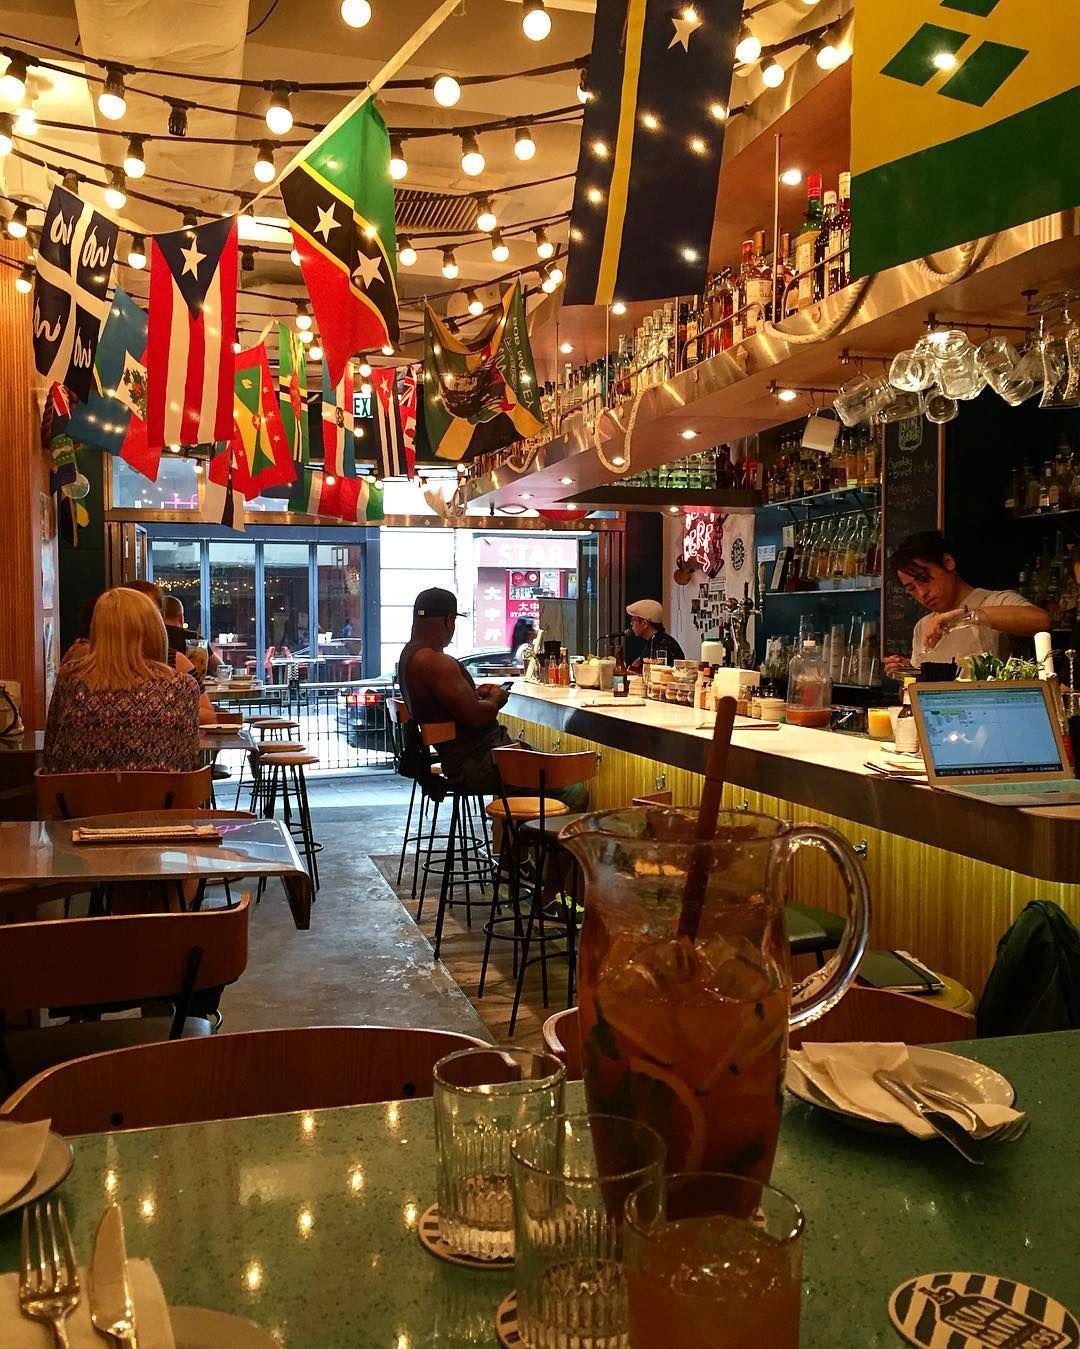 Another Jerk brunch with @notheather @jaysicles  Free flow Caribbean pimms and meat with live music. Happy Saturday 홍콩에서 제일 좋아하는 브런치 장소! 2시간동안 무제한 자메이카 바베큐와 술 라이브 뮤직을 즐길 수 있다는. 게다가 음식이 진짜 너무 맛있음 ㅠ 홍콩에 오심 꼭 와보세요! #brunch#hkeats#rummintings#jamaicanfood#brunchhk#hkig#hongkong#weekendbrunch#girlsbrunch#852#홍콩맛집#자메이카음식#주말브런치#브런치#러민팅스#소호맛집#홍콩라이프 by kimjiyeonkimchi
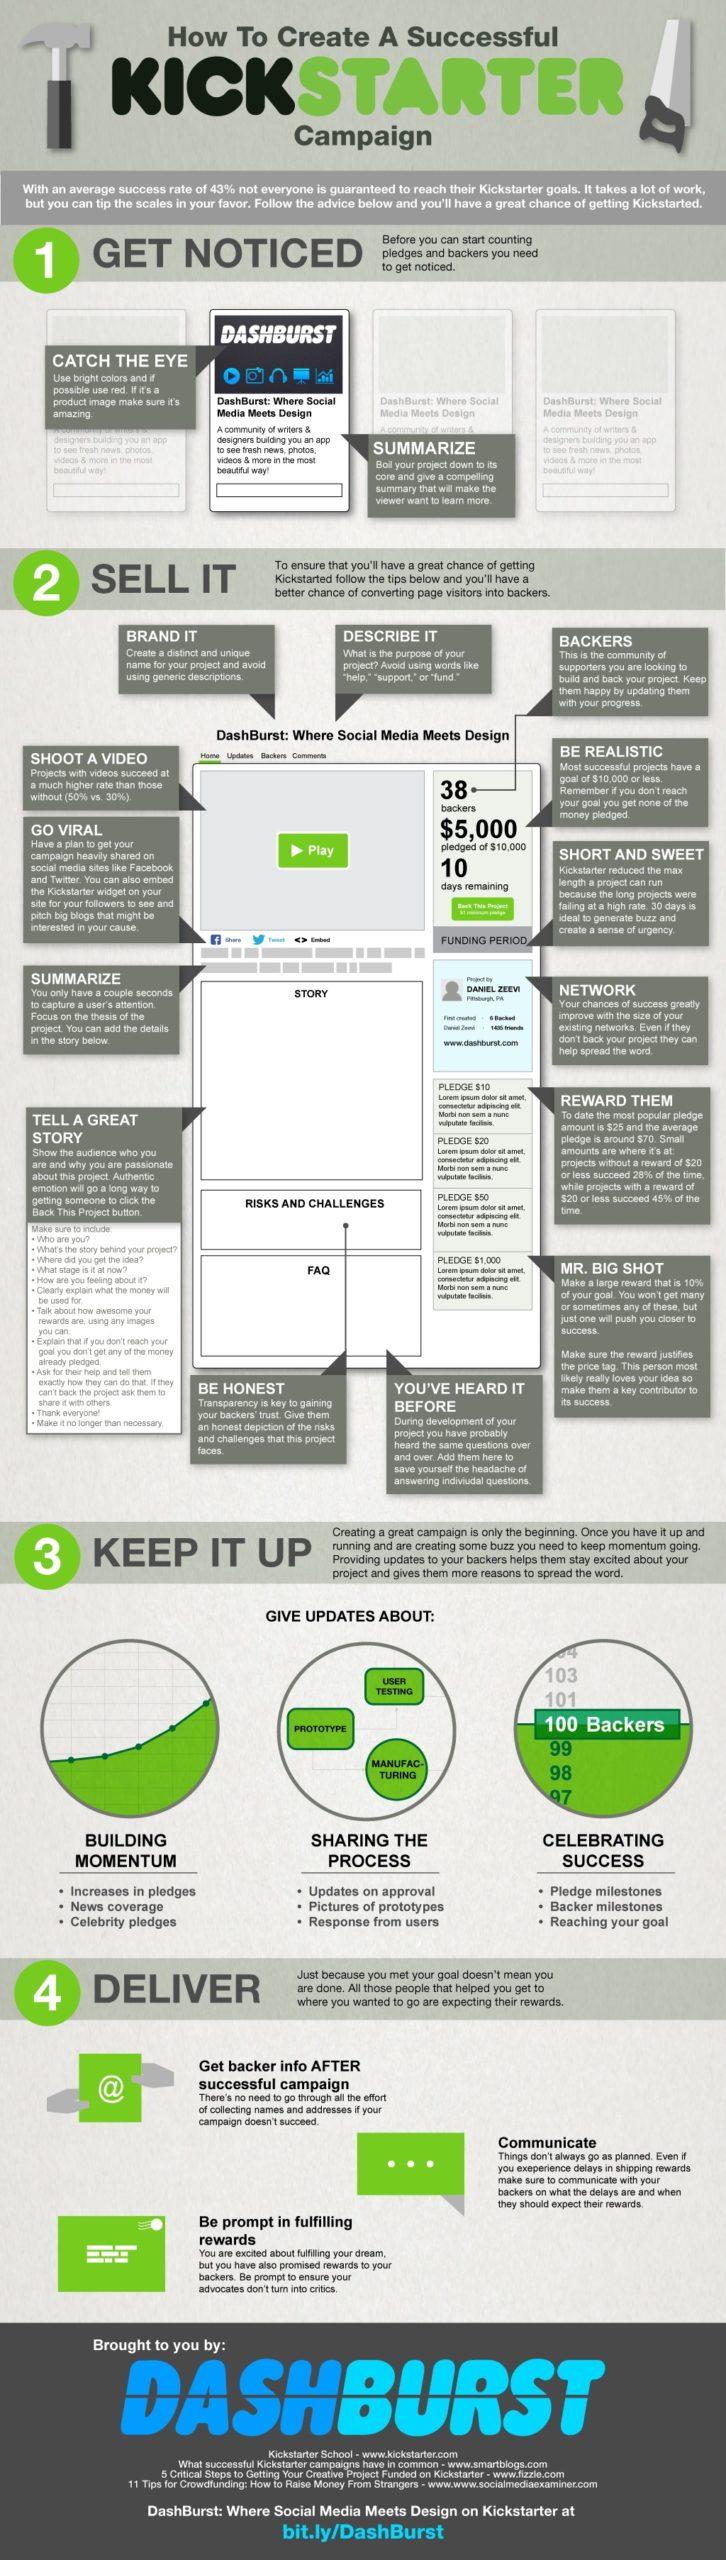 Kickstarter campaign infographic
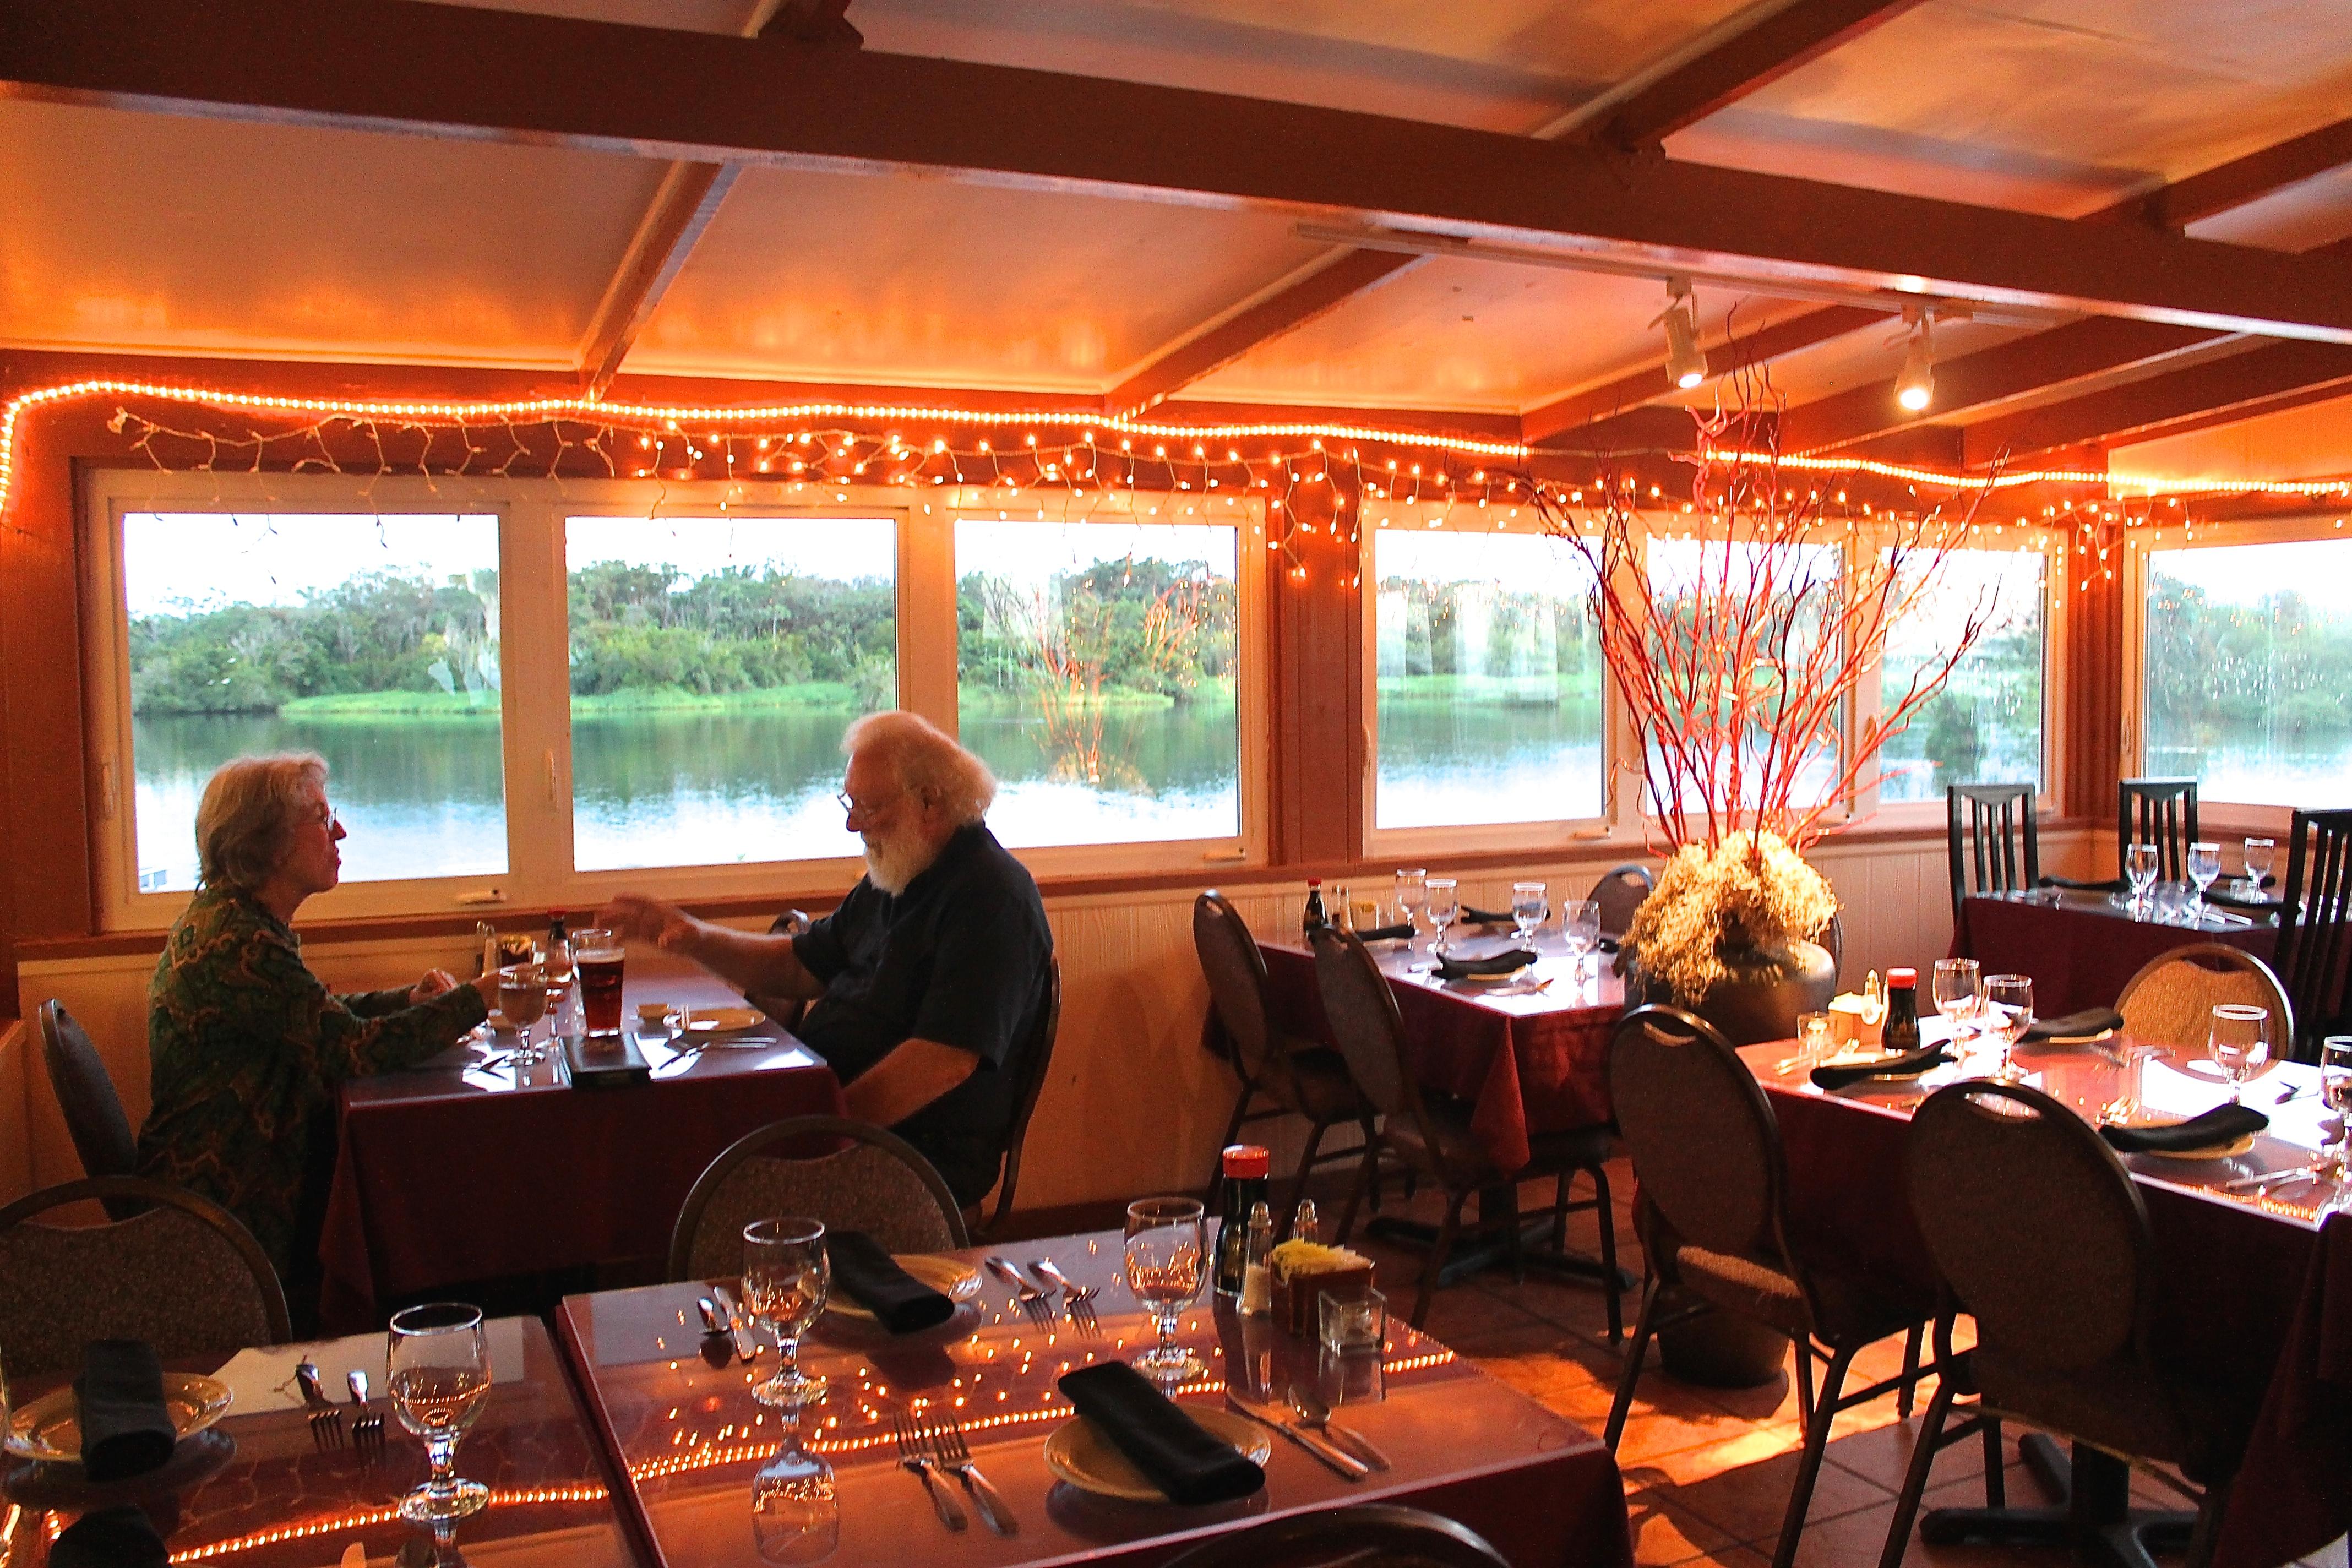 The Seaside Restaurant & Aqua Farm: Fresh Fish and More ...
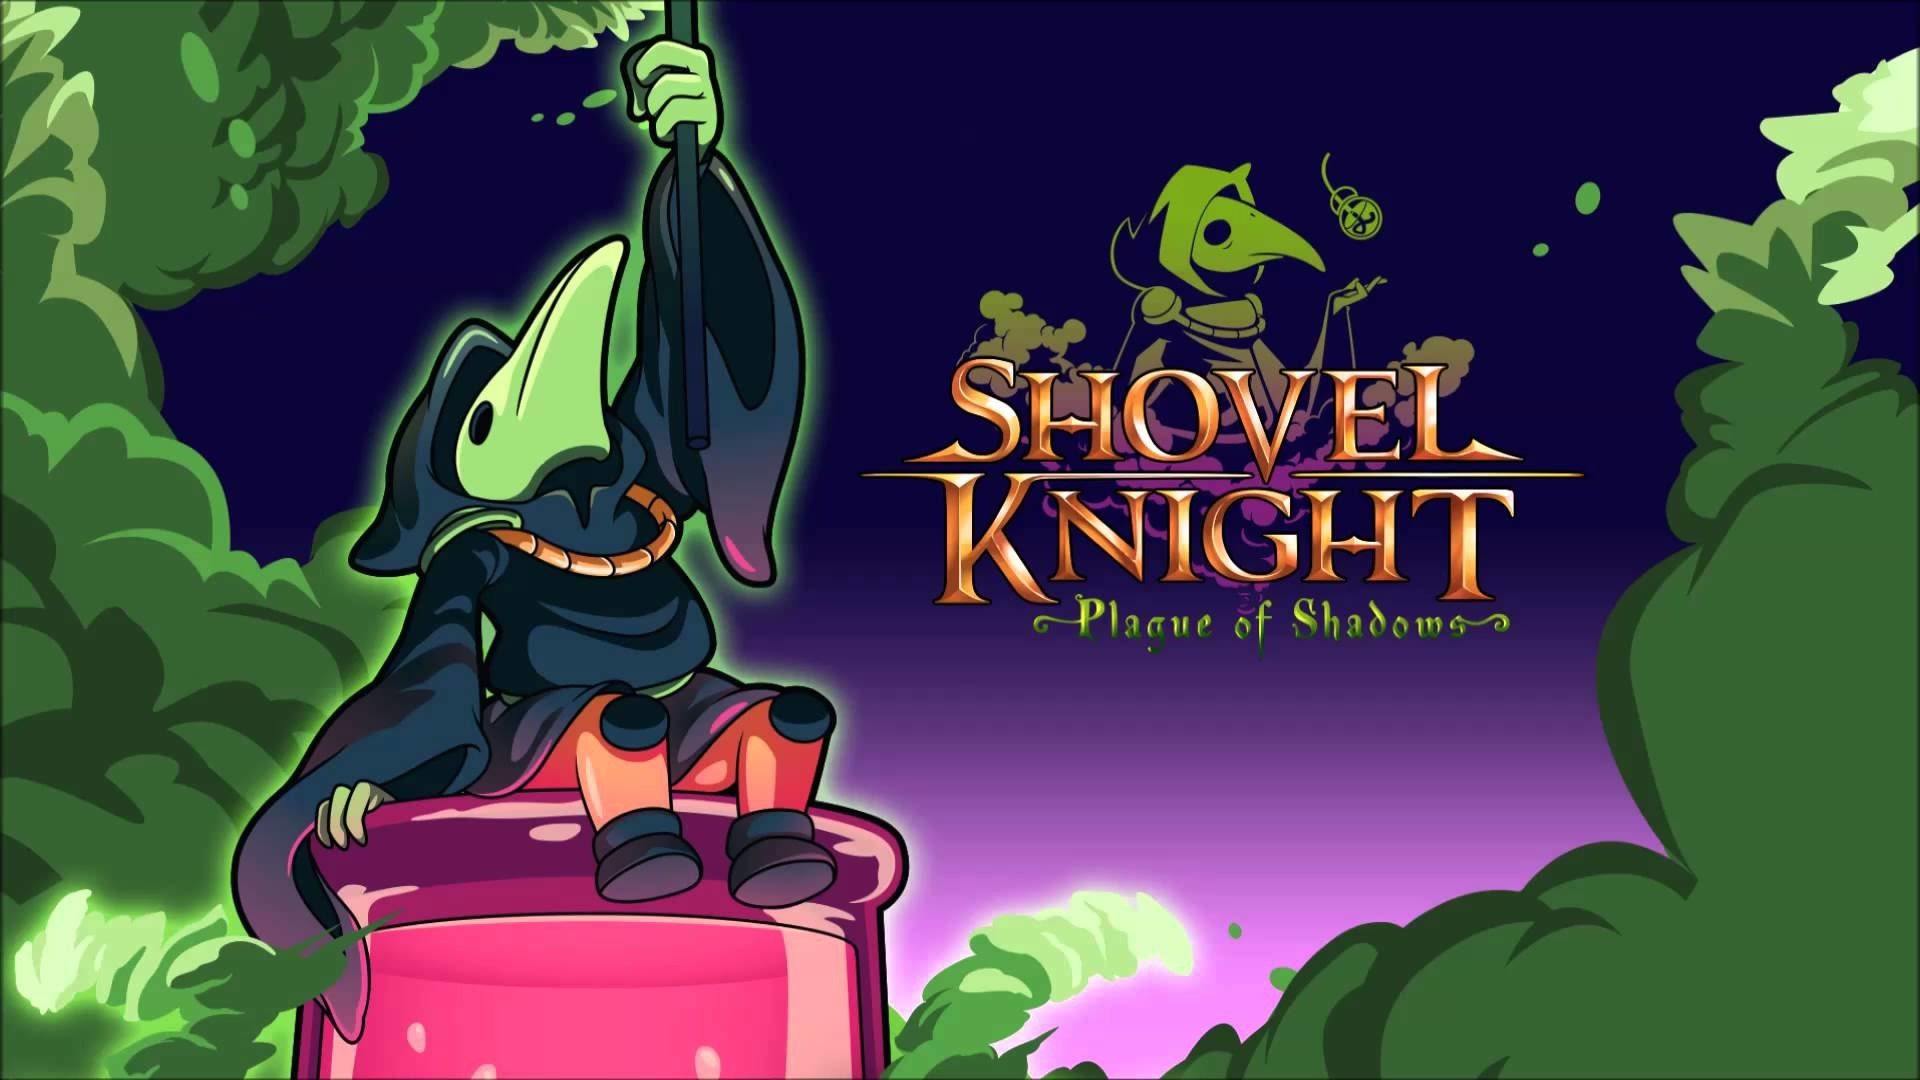 Shovel Knight Wallpaper Hd 89 Images

About this exercise:
Restate the data above word for word. Do not include the images.

Solved exercise:
 Another Jerk brunch with @notheather @jaysicles  Free flow Caribbean pimms and meat with live music. Happy Saturday 홍콩에서 제일 좋아하는 브런치 장소! 2시간동안 무제한 자메이카 바베큐와 술 라이브 뮤직을 즐길 수 있다는. 게다가 음식이 진짜 너무 맛있음 ㅠ 홍콩에 오심 꼭 와보세요! #brunch#hkeats#rummintings#jamaicanfood#brunchhk#hkig#hongkong#weekendbrunch#girlsbrunch#852#홍콩맛집#자메이카음식#주말브런치#브런치#러민팅스#소호맛집#홍콩라이프 by kimjiyeonkimchi
 Kickstarter campaign infographic
 The Seaside Restaurant & Aqua Farm: Fresh Fish and More ...
 Shovel Knight Wallpaper Hd 89 Images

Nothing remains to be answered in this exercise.